Exercise: Your task is to output the listing word for word, with pictures excluded.

Dataset content:
-- -- --

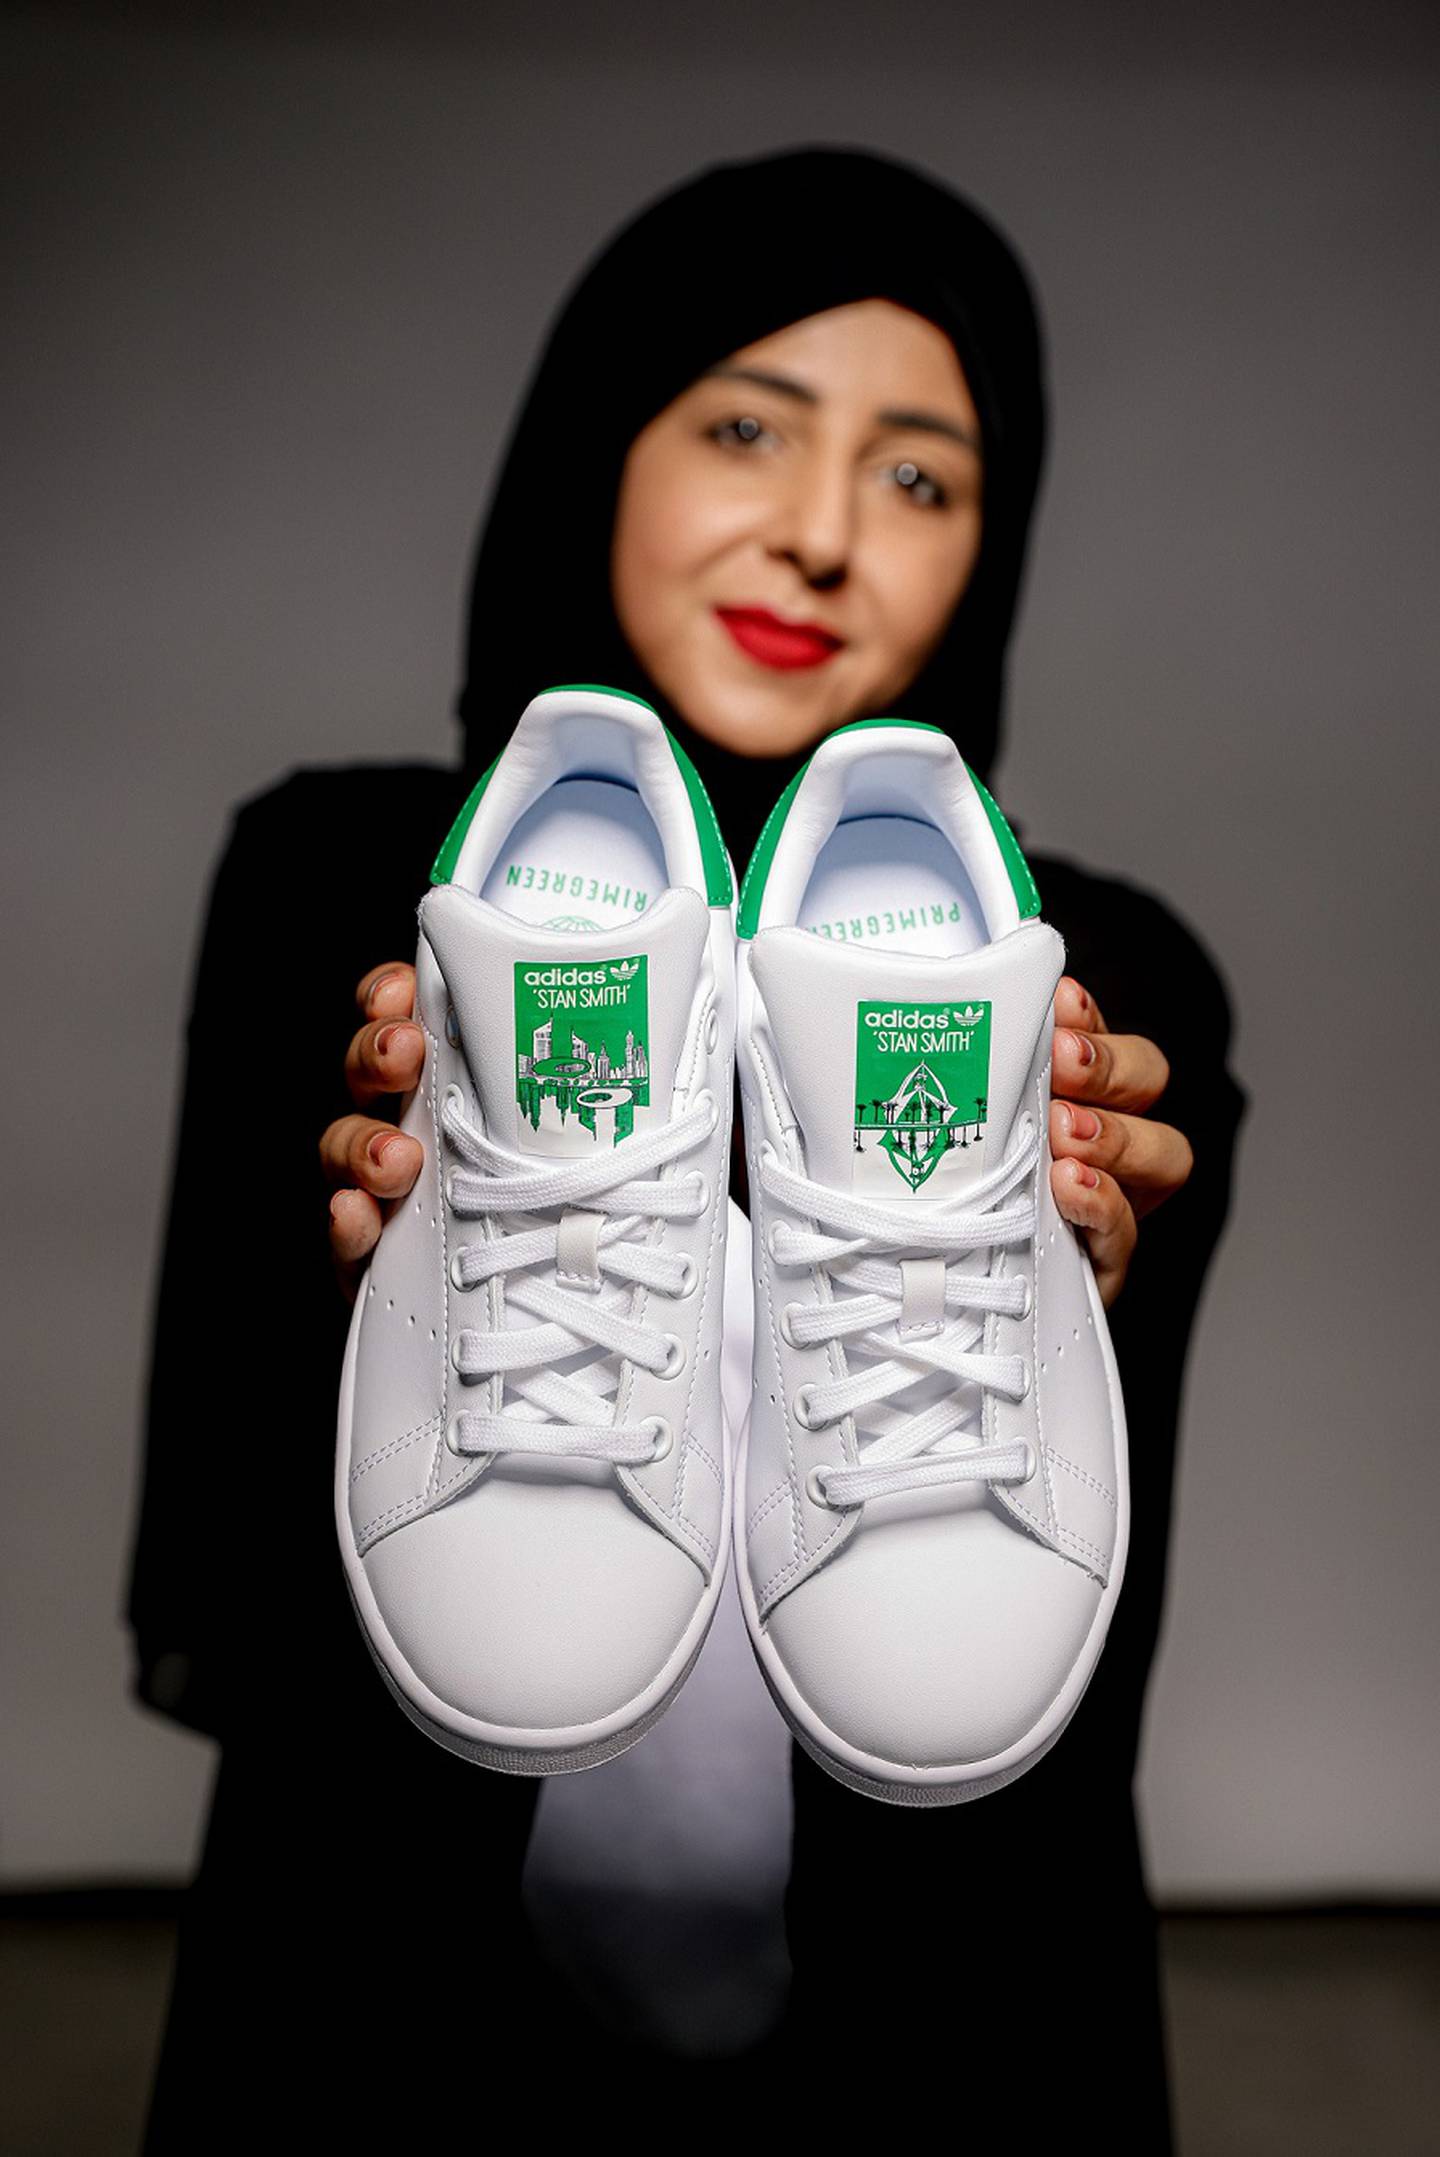 Adidas Stan Smith trainers, redesigned by Emirati artist, Maisoon Al Saleh. Photo: adidas
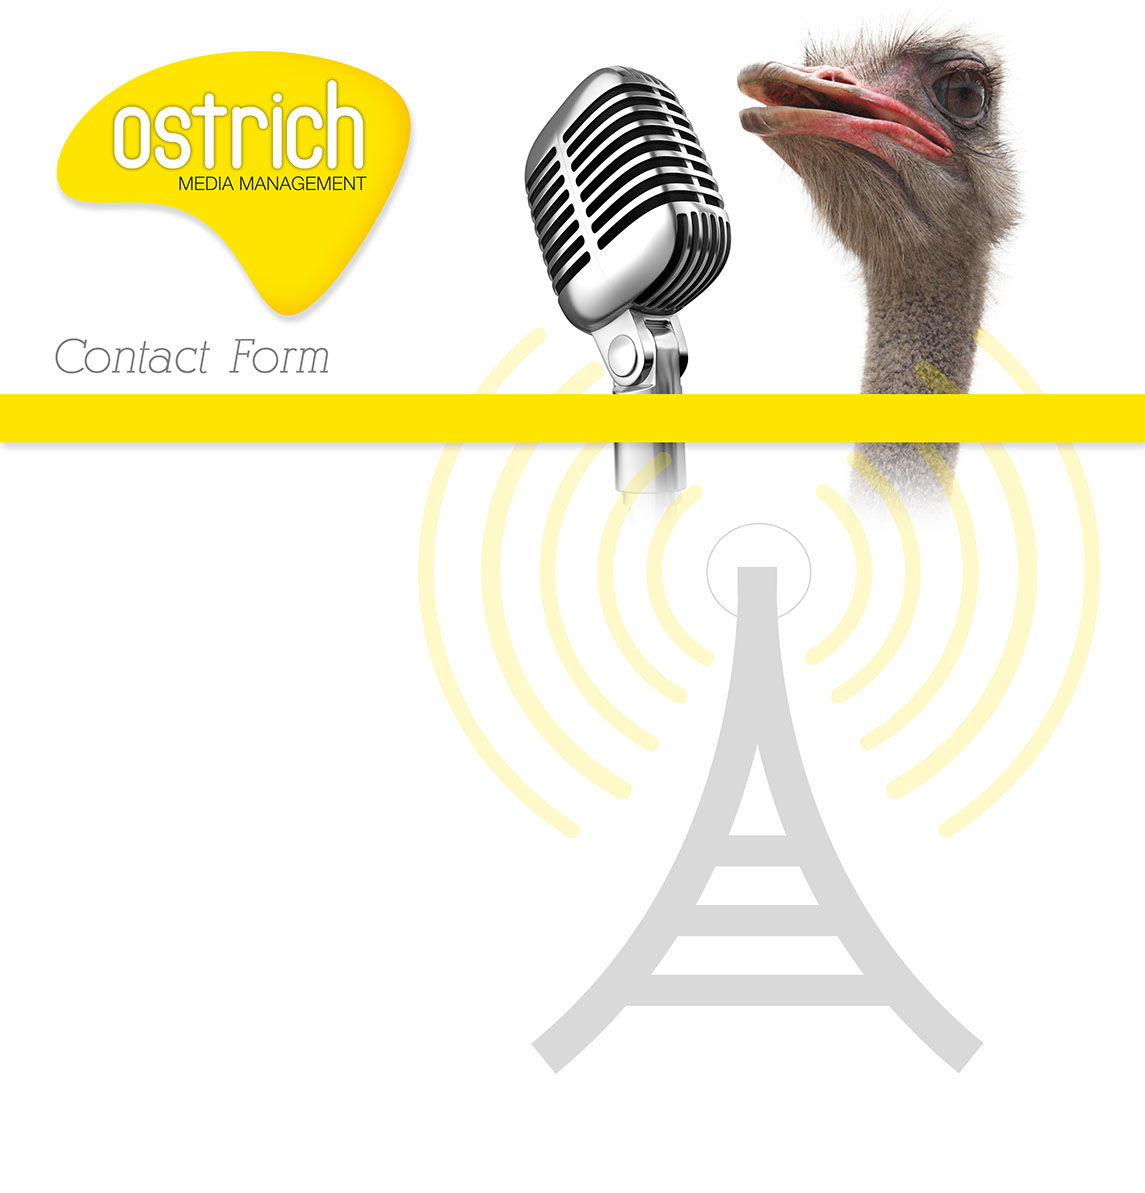 Ostrich Media Management Contact Form
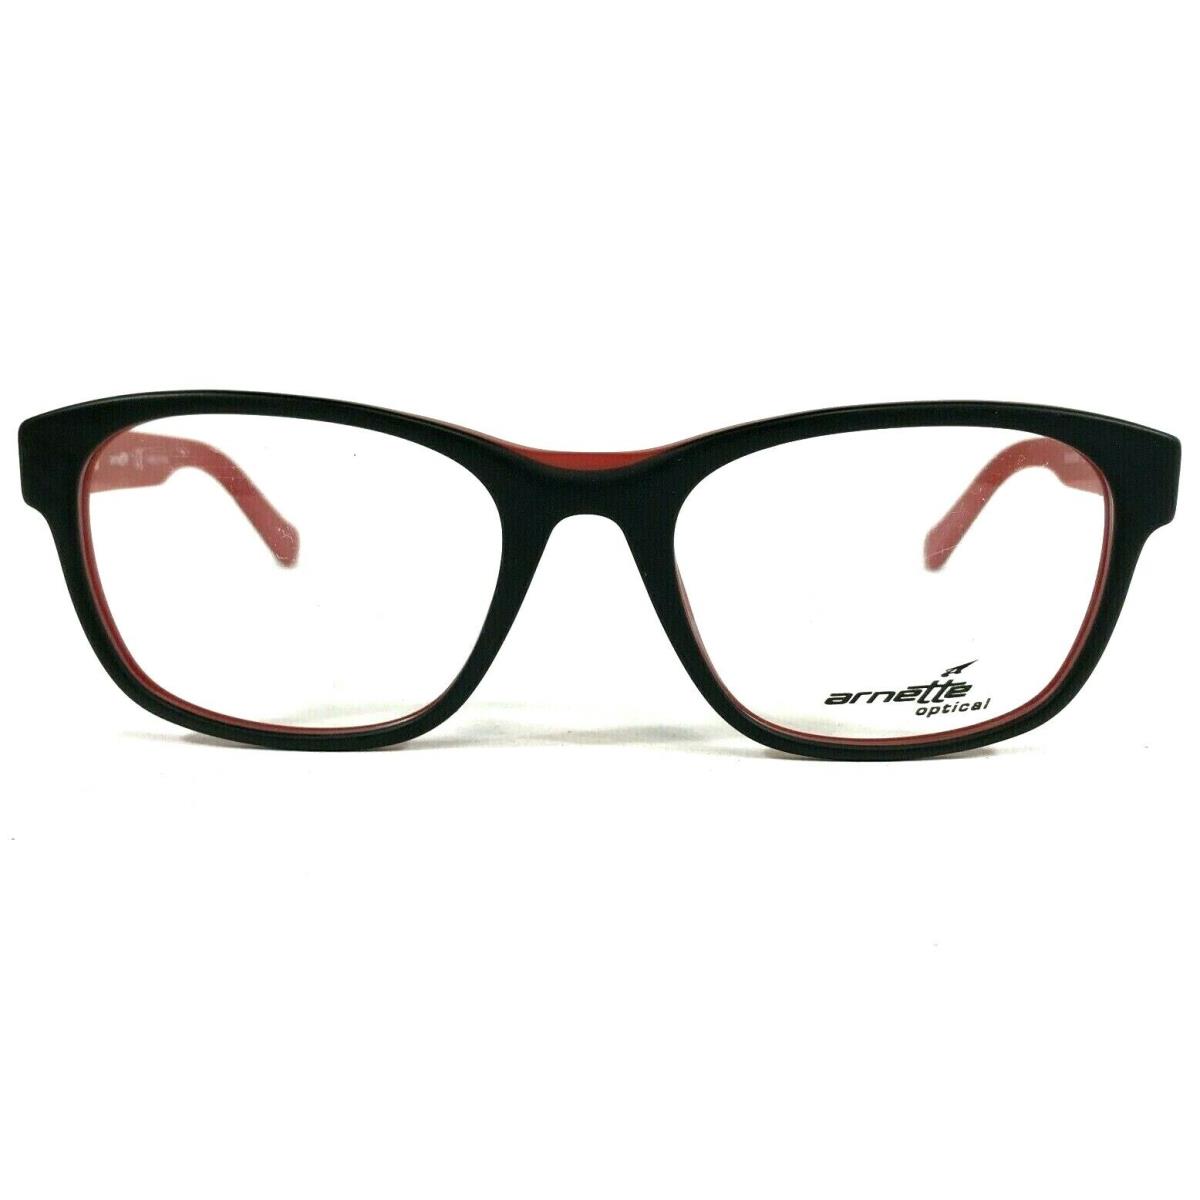 Arnette Eyeglasses Frames Selector 7081 1135 Black Red Round 52-19-140
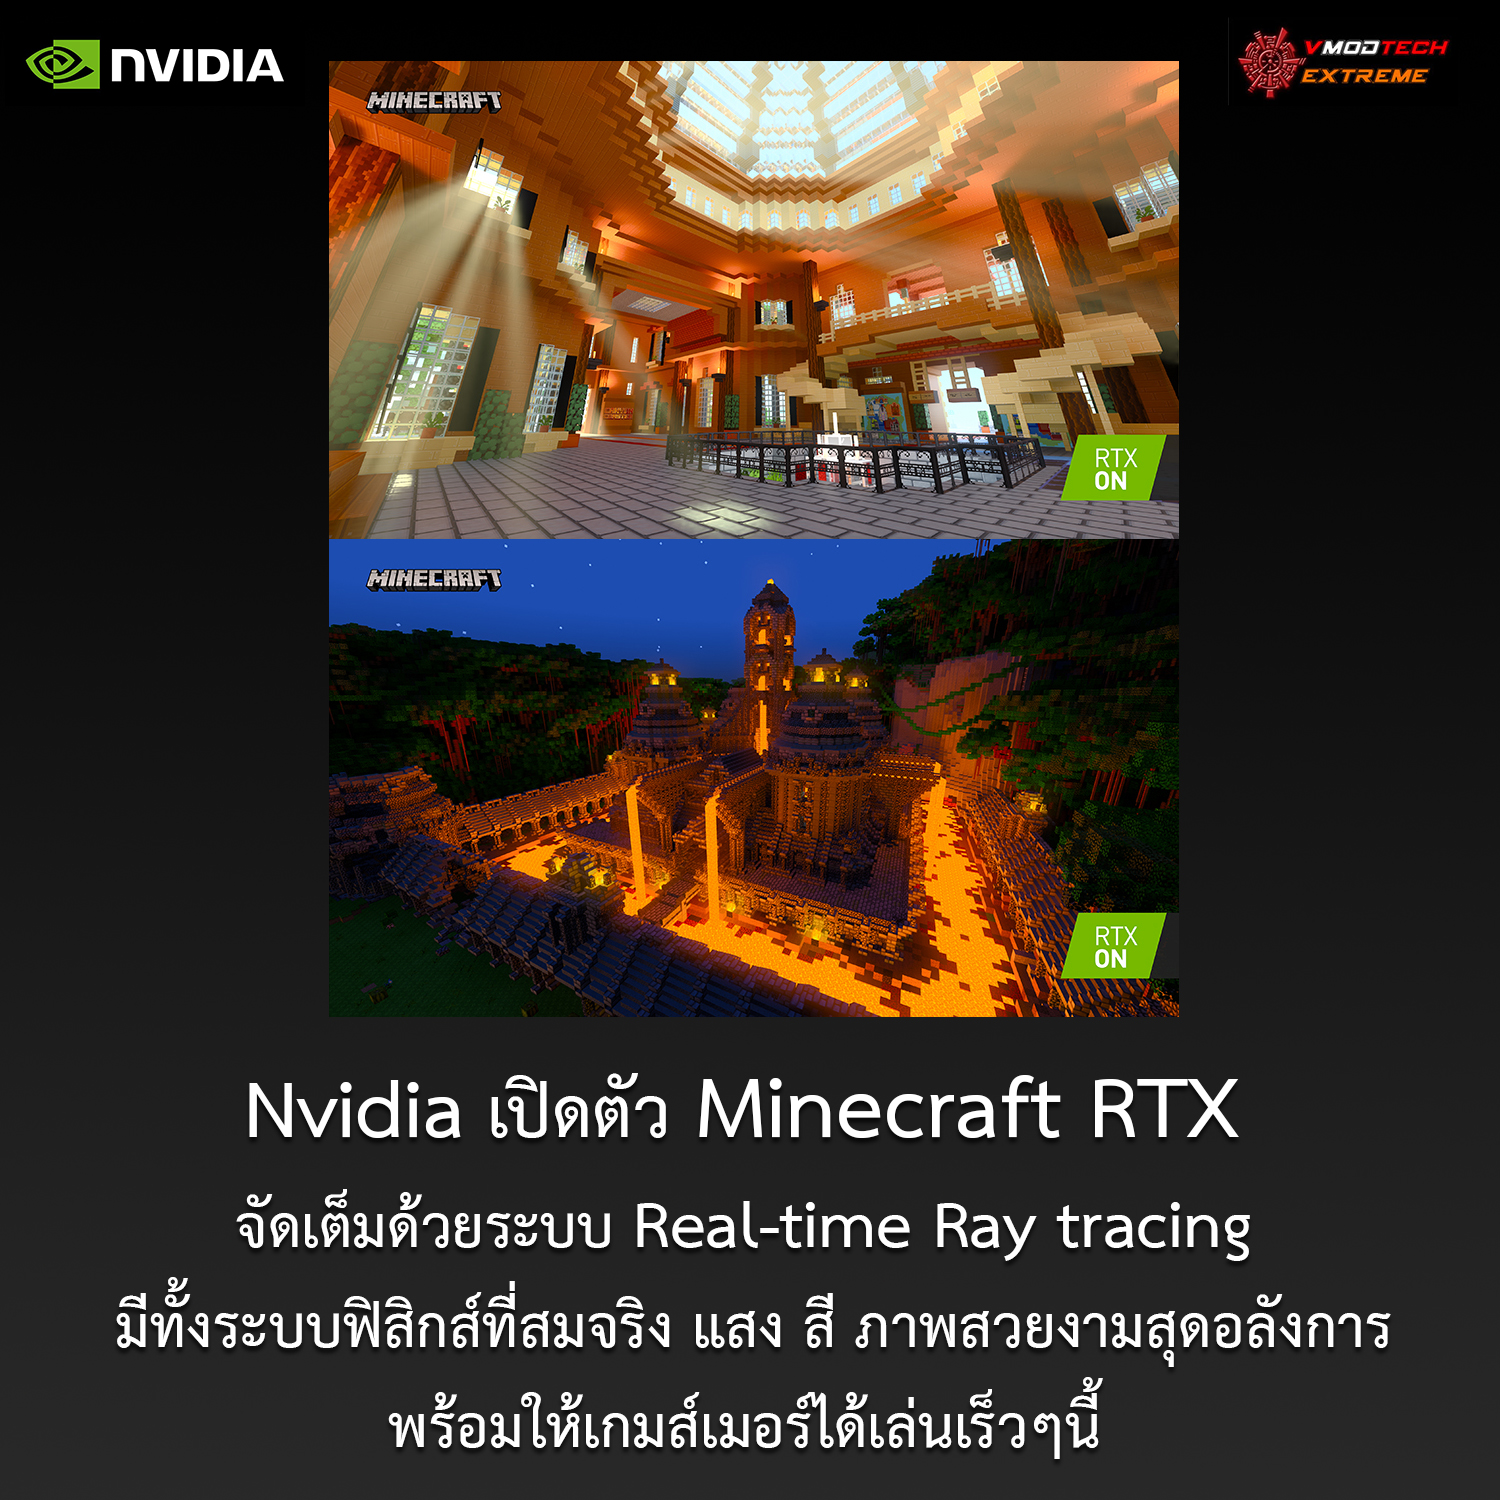 nvidia minecraft rtx Nvidia เปิดตัว Minecraft RTX จัดเต็มด้วยระบบ Real time Ray tracing มีทั้งระบบฟิสิกส์ที่สมจริง แสง สี ภาพสวยงามสุดอลังการพร้อมให้เกมส์เมอร์ได้เล่นเร็วๆนี้

-- -- --

Response box:
 Adidas Stan Smith trainers, redesigned by Emirati artist, Maisoon Al Saleh. Photo: adidas
 Ostrich Media Management Contact Form
 Arnette Eyeglasses Frames Selector 7081 1135 Black Red Round 52-19-140
 nvidia minecraft rtx Nvidia เปิดตัว Minecraft RTX จัดเต็มด้วยระบบ Real time Ray tracing มีทั้งระบบฟิสิกส์ที่สมจริง แสง สี ภาพสวยงามสุดอลังการพร้อมให้เกมส์เมอร์ได้เล่นเร็วๆนี้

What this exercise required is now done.